So what else is new?

Anyway, “you might recall the Beacon scandal where Facebook shared its users’ online shopping history with all their friends on Facebook,” says Chen, but, “Instead of learning from Facebook’s mistakes, rumor has it that Google is considering a similar move.”

Here, Chen quotes TechCrunch as saying:

… Google has contacted at least one Facebook Beacon partner, and perhaps more, in an effort to drum up support for its own initiative for OpenSocial, which it is calling “universal activity streams.”

These ‘universal activity streams’ are meant to combine all actions you take online, similar to Facebook’s Beacon, and present them as a line of text in your personal activity feed on Google or an OpenSocial partner site like MySpace or Bebo. Within Google, for instance, these feeds could appear in Gmail, iGoogle, or Google Reader. The universal activity stream is expected to launch around February or March of next year.

Or as p2pnet put it, “Don’t look now, but Google is about to match you up with products to make life easier …

“… for advertisers, that is. Not you.”

It’s, “rolling out a centralized profile system that will provide personalized information to each Google product you use,” we said, also quoting TechCrunch.

We went on:

Says butter-wouldn’t-melt-in-our-mouth Google:

A Google Profile is simply how you represent yourself on Google products - it lets you tell others a bit more about who you are and what you’re all about. You control what goes into your Google Profile, sharing as much (or as little) as you’d like.

Use multiple Google products? Soon your Google Profile will link up with these as well.

Gosh! Thanks! Won’t that be fun?

But hold on a minute.

Are you a signed up Googler? And if you are, did you ever agree to have yourself and your data hooked up with products Google clients are advertising?

And shouldn’t, “will provide personalized information to each Google product you us” actually read, “will provide personalized information to the owners and/or advertisers of each Google product you use”?

Is this in any way akin to the Facebook effort when Zuckerberg, et al, tried, and failed, to follow its users around the Net so it’d know what they were up to, as well as where and when?

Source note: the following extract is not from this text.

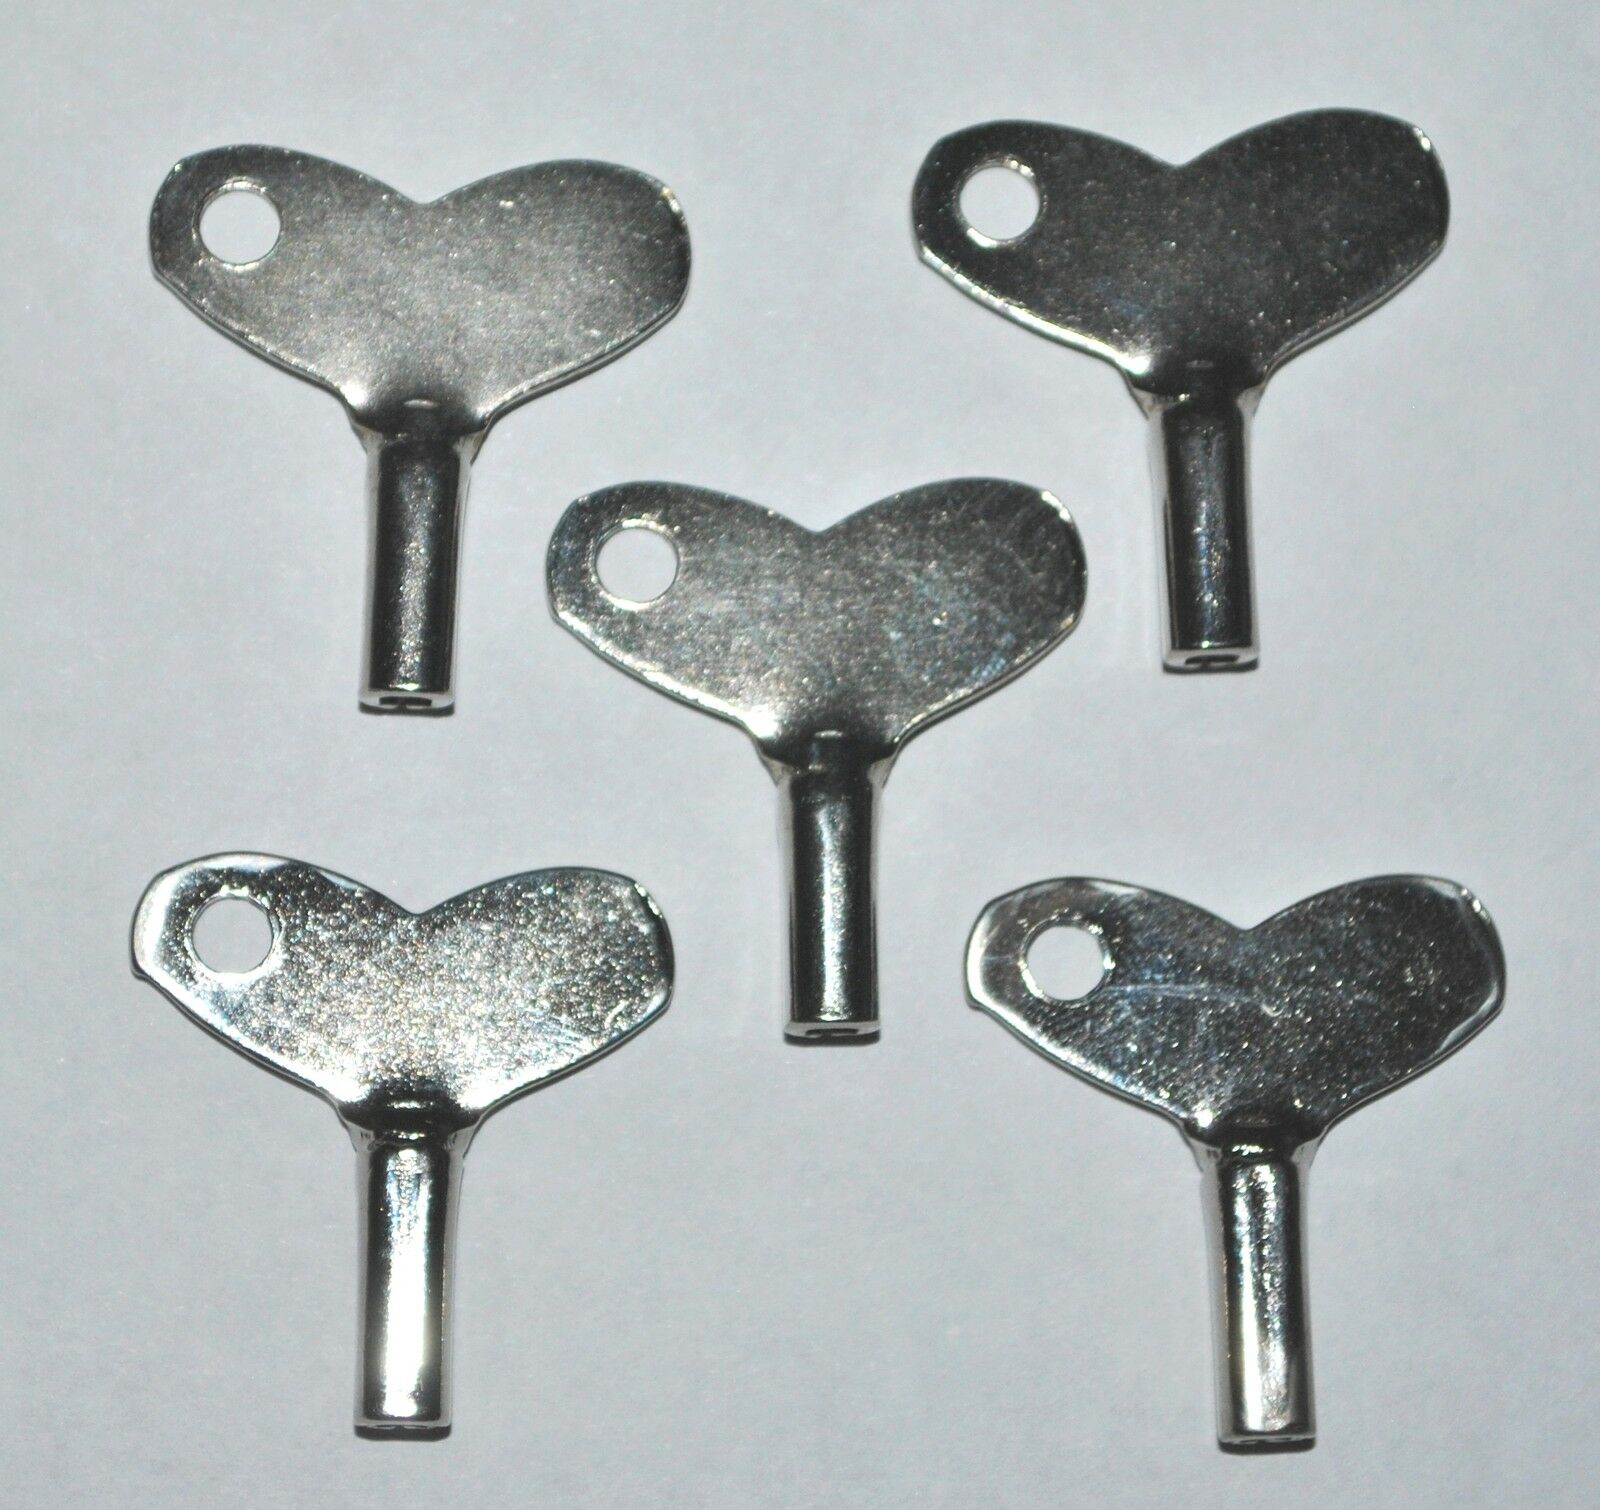 5 - Metal Replacement Wind-up Keys "for Windup Toys" - Free Shipping!! - L@@k!!
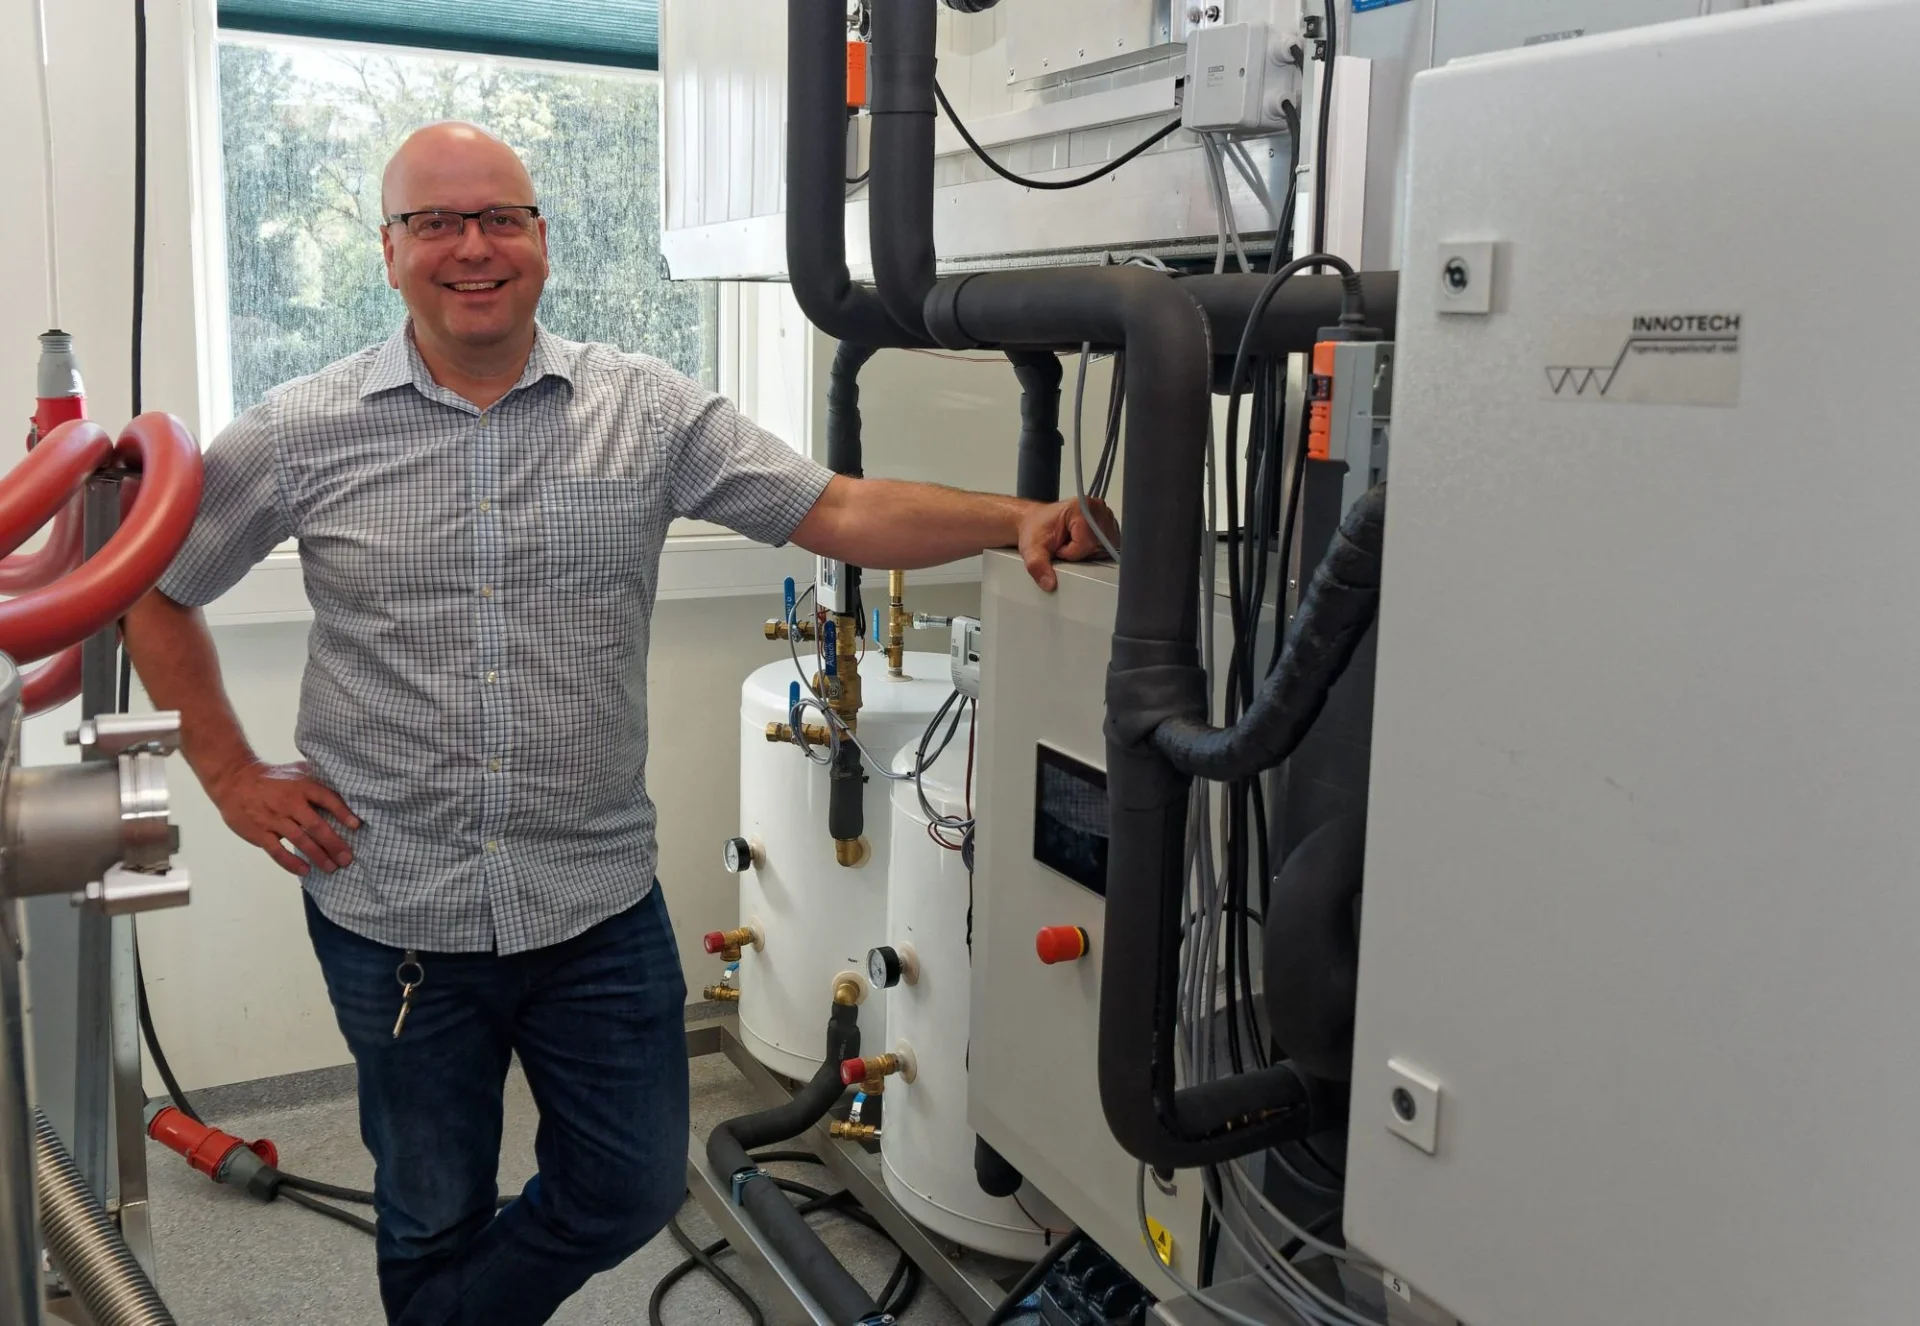 Michael Bantle tells Gemini that the demand for high-temperature heat pumps is so great that manufacturers are struggling to produce sufficient numbers. Photo: Georg Mathisen

Said Kurt Wismer in a Reader’s Write:

no, it’s not akin to that at all … a) there is no involvement with 3rd party sites, b) there’s no mention of keeping track of what you do (although it’s well known that google keeps logs of what people do in google’s services/’products’) only what services/’products’ you use, and c) you’ll supposedly be able to share as much or as little as you want …

this basically means there’s going to be a page with my name on it that says i use blogger and reader and calendar and a bunch of other google services/’products’ if i so choose ...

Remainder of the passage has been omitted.